Il 2014 si appresta ad andare in soffitta, portando in dote un ampio bagaglio di ricordi, dolci e amari. Unilaterale gioia e profondo sconforto, come in quella maledetta giornata, quel 3 maggio – quello si – impossibile mandare agli archivi. Montagne russe mai risparmiate, il tonfo fragoroso in terra basca in agosto ed il trionfo prenatalizio negli Emirati. Nel mezzo un solco importante dalla vetta in campionato e un turno di Europa League superato in surplace. Antipodi costanti, come spesso ci è capitato di osservare, errati proclami e critica talvolta esasperata, nella più classica indole partenopea.
Supercoppa sotto l’albero – Necessario partire però dal dolce finale. Una vittoria sofferta, palpitante, oltre 120 minuti di pura suspance, un thriller da collezione. Da vedere e rivedere, perché vincere a Napoli è sempre qualcosa di fragoroso, indimenticabile. Se poi sei l’unico club in Italia nell’intero 2014 a portare a casa due titoli, l’entusiasmo può sgorgare a fiumi, senza alcun freno. Rafa Benitez ed i suoi ragazzi hanno impacchettato il più gradito dei regali, un trionfo che porta forte i segni delle giocate di Higuain, del cuore di Gargano, le mani salde di un Rafael finalmente in grande spolvero e la verve di un Marek Hamsik ritrovato. Oltre due ore di spettacolo puro, nella coda il più sublime degli epiloghi. Una fine che sa di principio, linfa vitale in vista di un 2015 da assoluti protagonisti, l’auspicio alla vigilia della sfida di Doha era questo, ora la parola passa ai fatti.

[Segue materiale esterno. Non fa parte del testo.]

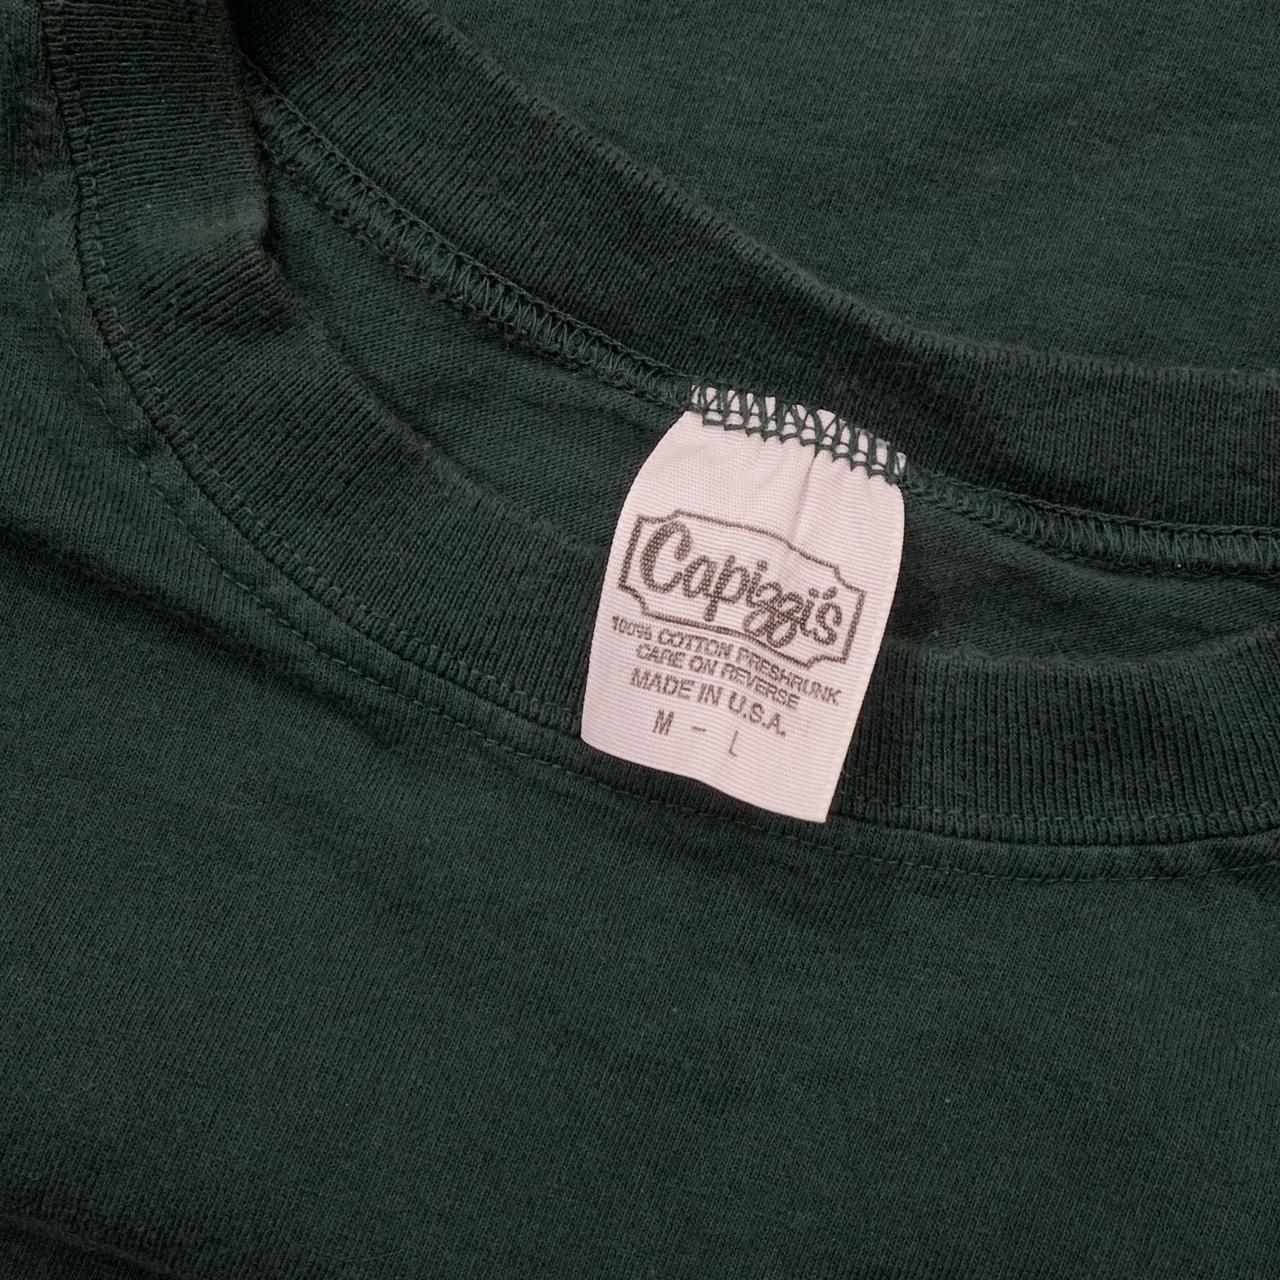 Forest green short-sleeved crewneck tee t-shirt - Depop

Regali tanto attesi – Sarà la Befana a portare il resto, dopo l’abbuffata da Supercoppa ora è tempo di mercato. Innesti oculati, di spessore, in grado di porre il gruppo in condizione di rendere al massimo, senza lasciar nulla d’intentato. Gabbiadini e Strinic sono ormai all’uscio di Castel Volturno. Due colpi portati con largo anticipo, con convinzione, con la sicurezza di un impatto importante. L’attaccante classe ’91 di Calcinate è una delle più importanti realtà di questa prima parte di stagione, 9 reti in meno di 20 presenze tra campionato e coppa, impreziosite da un paio di assist e tanto, tanto lavoro. Gamba, corsa ed un sinistro da stropicciarsi gli occhi. Qualità, duttilità e abnegazione, doti che su tutte stuzzicano il tecnico azzurro, pronto a ripetere quel certosino lavoro che prima della sciagurata serata di Firenze aveva ormai consegnato al calcio italiano il miglior Lorenzo Insigne. L’esterno di Spalato è pronto a giocarsi la sua occasione, dopo Croazia e Ucraina, a ventisette anni pronto il salto verso il grande calcio. Più di trenta presenze con la sua Nazionale, un innesto a costo zero che garantirà esperienza, passo e disciplina difensiva alla corsia sinistra. Primi due colpi in cantiere, a cui manca il sigillo finale, lecito attendersi uno sforzo in più, in particolar modo dopo i rimpianti estivi. Un innesto in difesa ed in mediana garantirebbero alla rosa azzurra la profondità necessaria per reggere l’urto di una lotta su tre fronti che promette di essere serrata. Lavorare in entrata e in uscita con un solo obbligo già sottolineato, ma repetita iuvant: non lasciare nulla d’intentato, dovere inderogabile per la dirigenza partenopea. L’auspicio è che per quell’aura di rimpianto, che ha costantemente accompagnato il 2014, nel 2015 non ci sia spazio. Il percorso sarà lungo, tortuoso, ma per nulla impossibile da tracciare.